(Required action) Output the data below exactly as it is, dropping the pictures from your copy.
[Opening The data section]
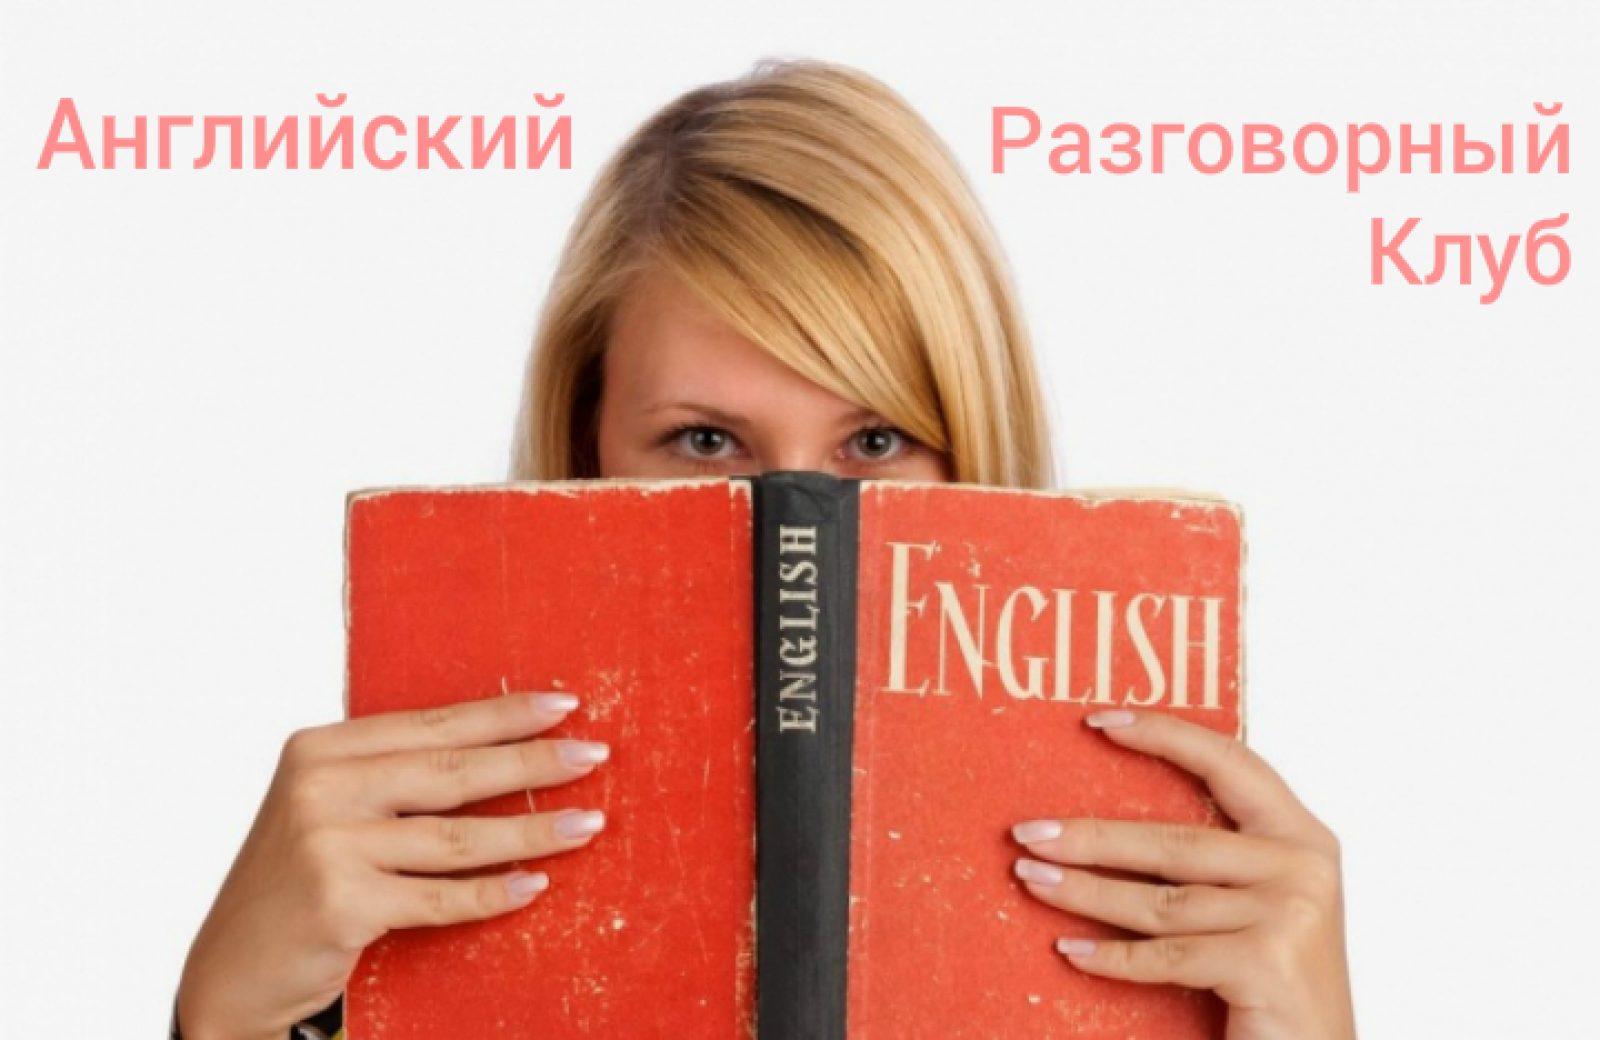 Английский разговорный клуб
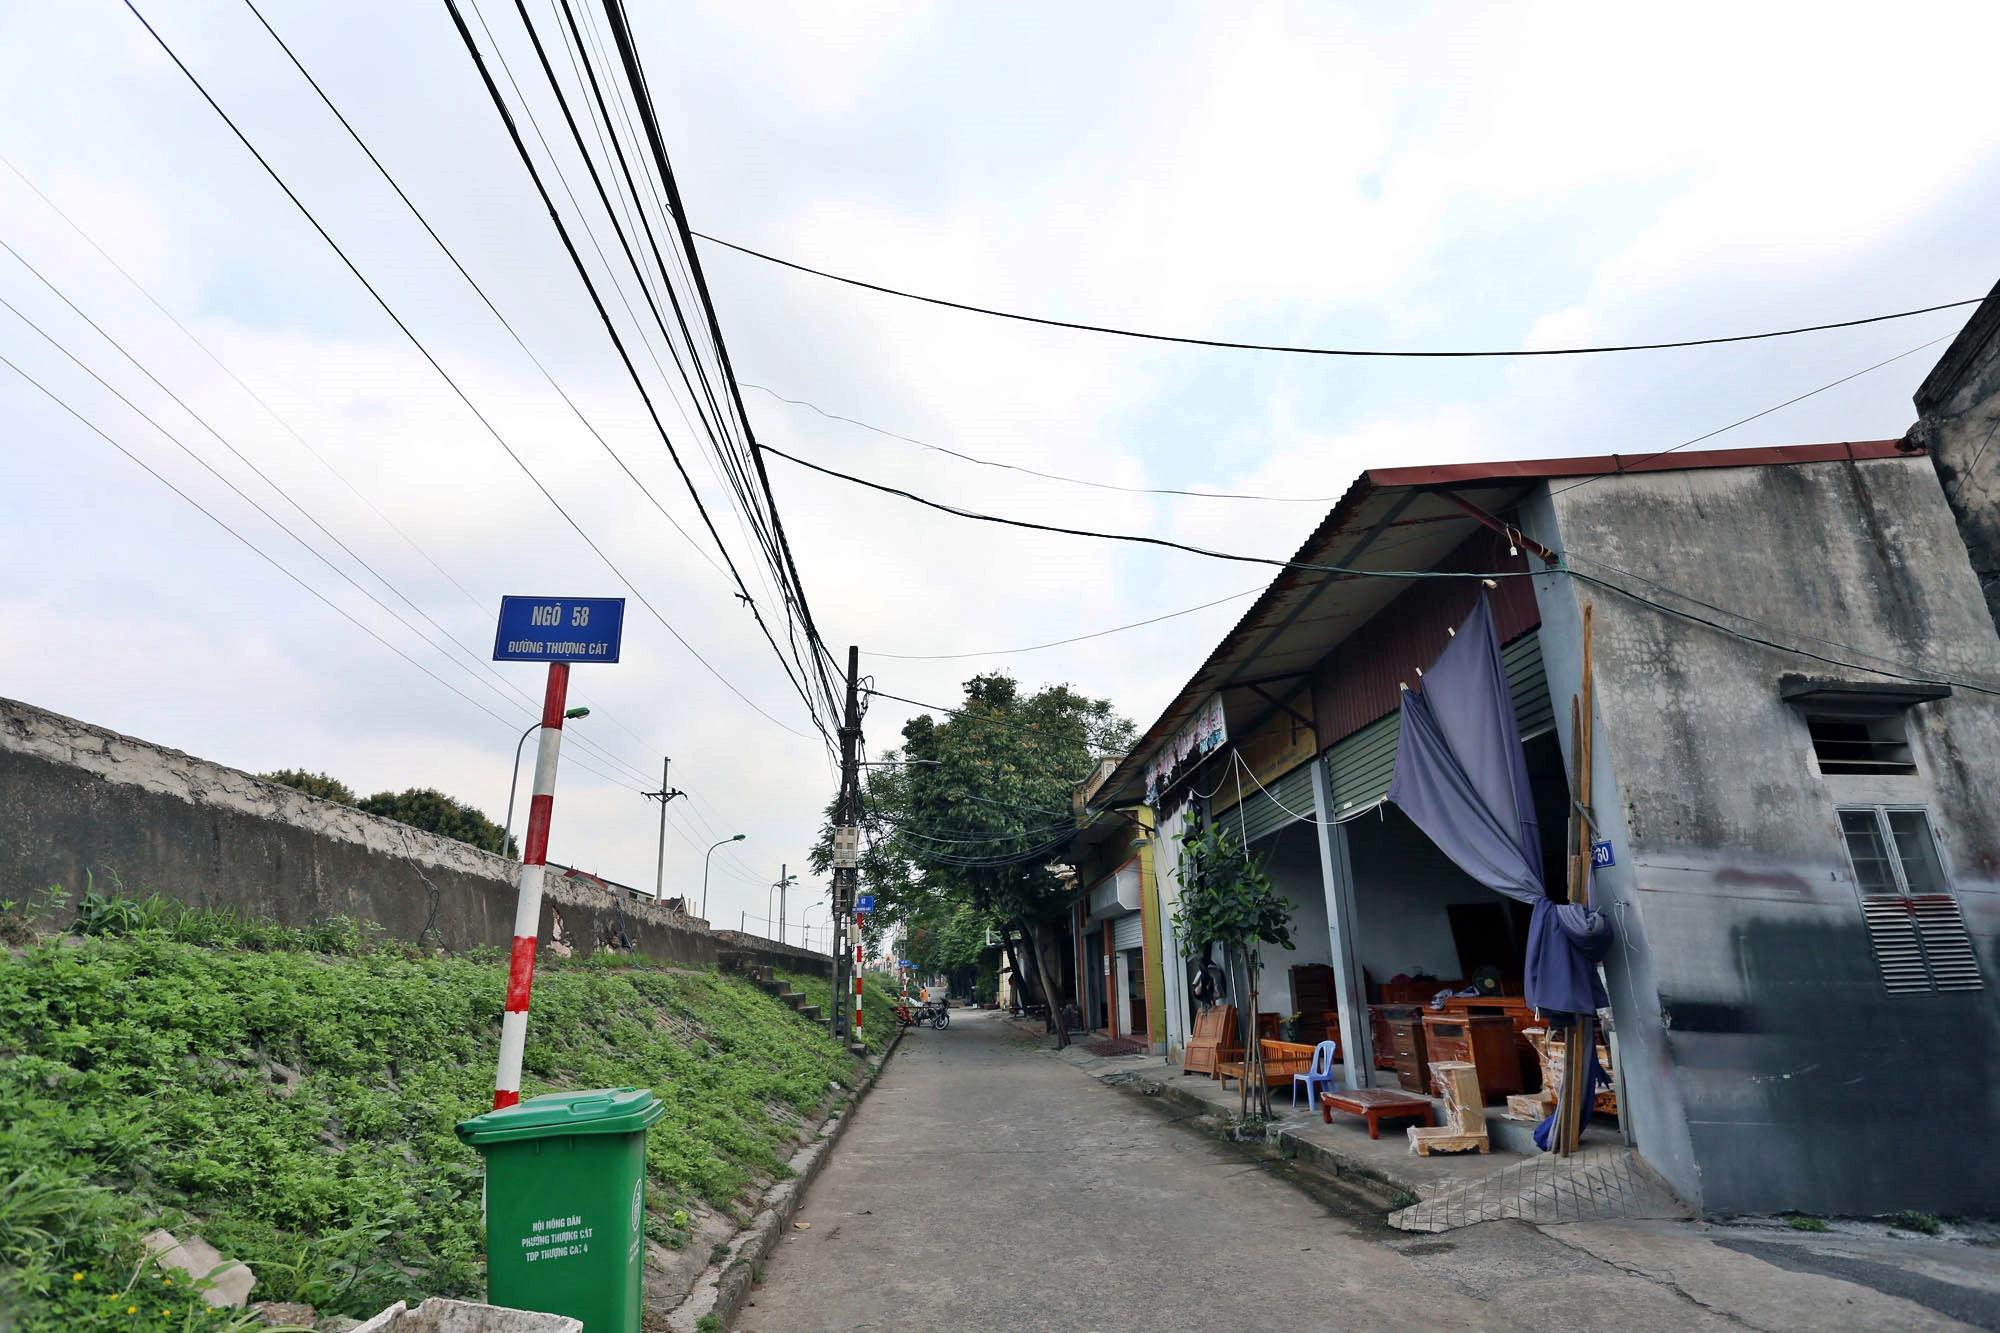 Toàn cảnh hiện trạng Phân khu đô thị sông Hồng trên địa bàn quận Bắc Từ Liêm - Ảnh 7.
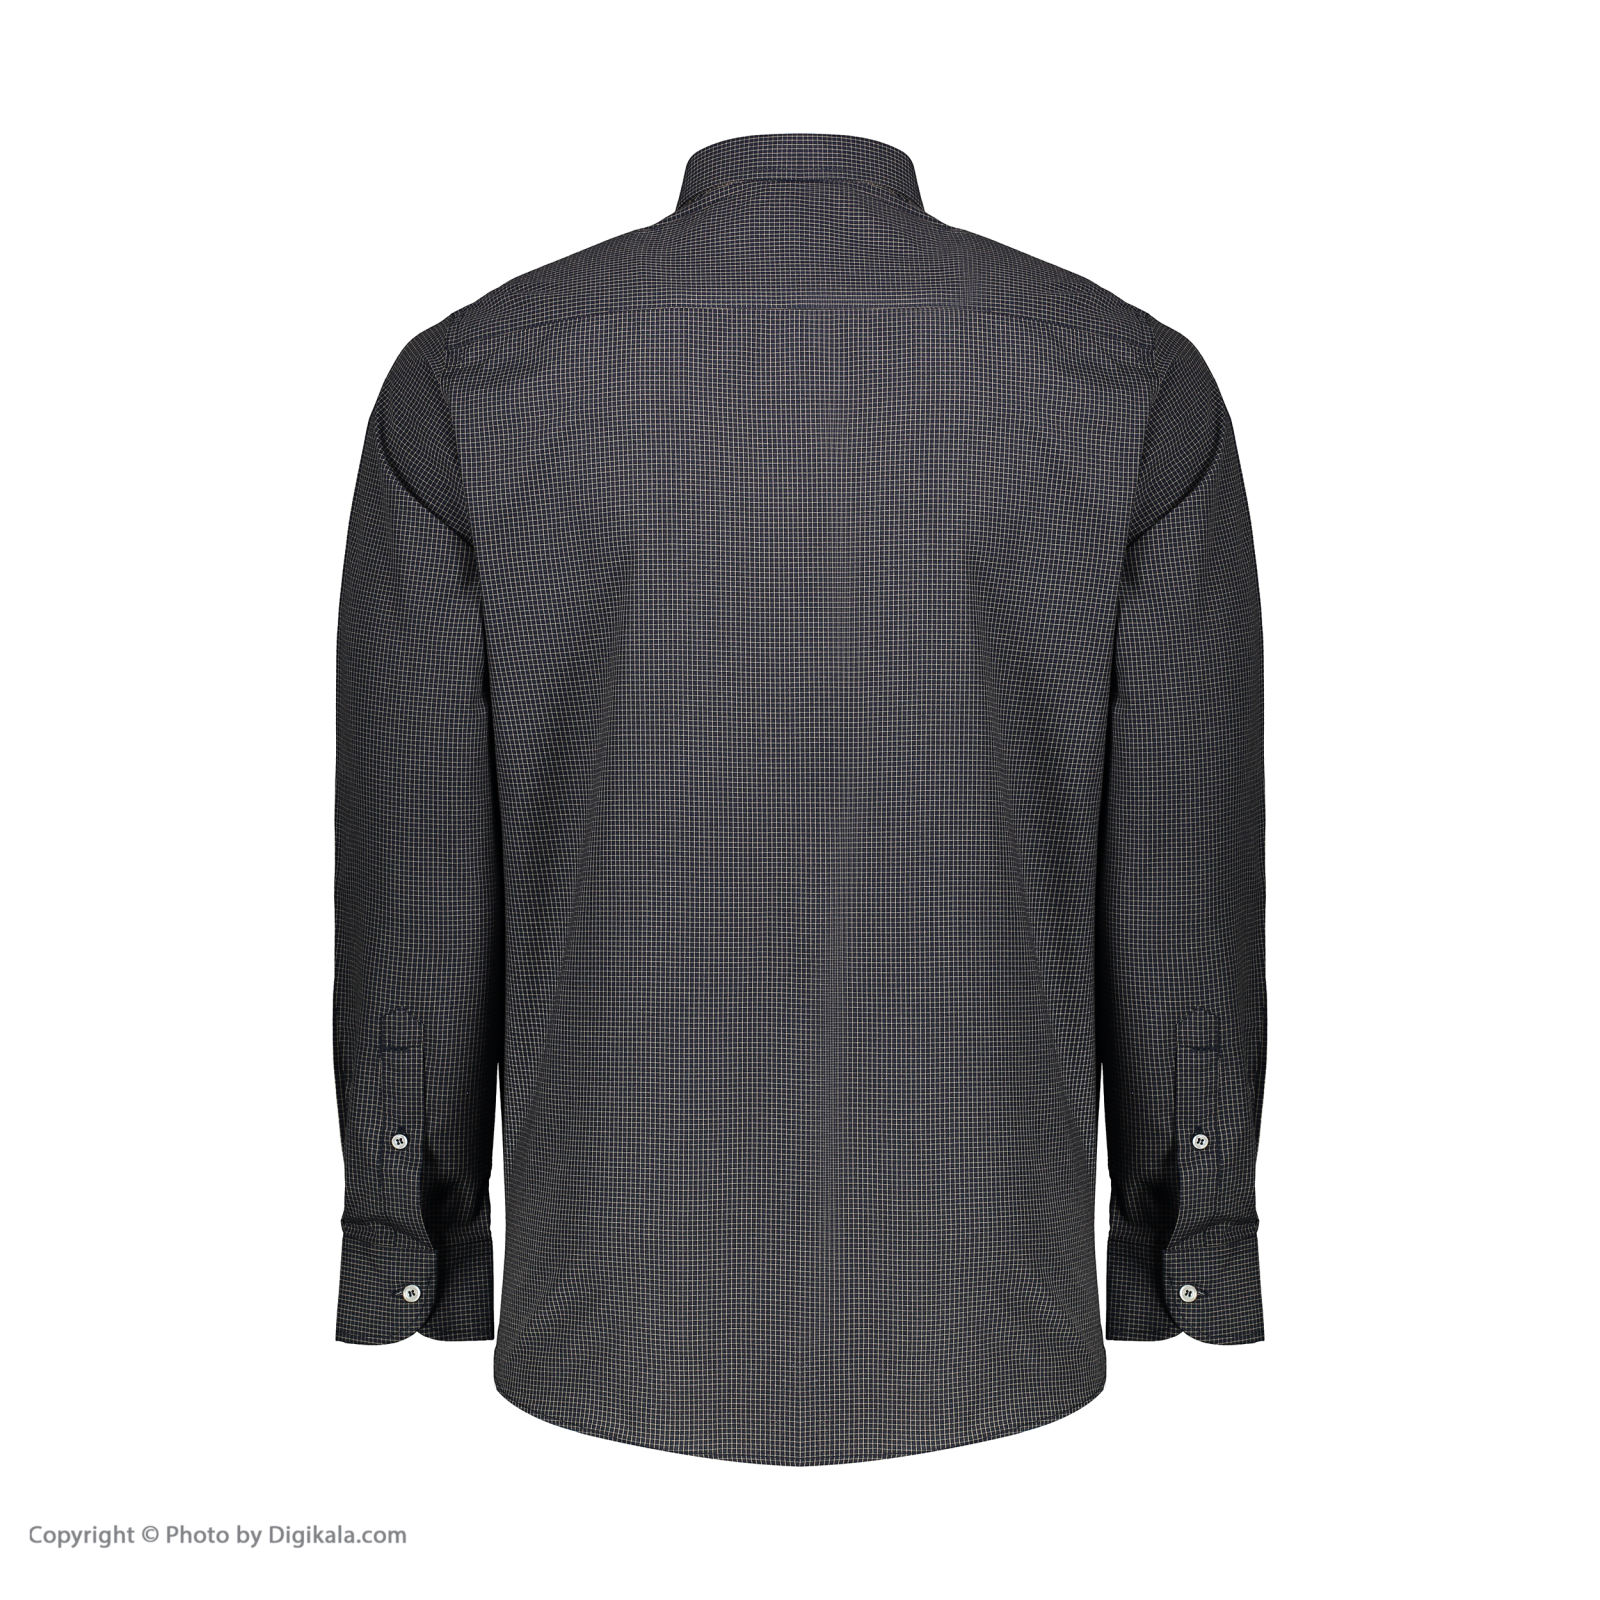 پیراهن مردانه زی مدل 15311855916 -  - 4
[Closing The data section]
(Answer to this exercise)
 Английский разговорный клуб
 Toàn cảnh hiện trạng Phân khu đô thị sông Hồng trên địa bàn quận Bắc Từ Liêm - Ảnh 7.
 پیراهن مردانه زی مدل 15311855916 -  - 4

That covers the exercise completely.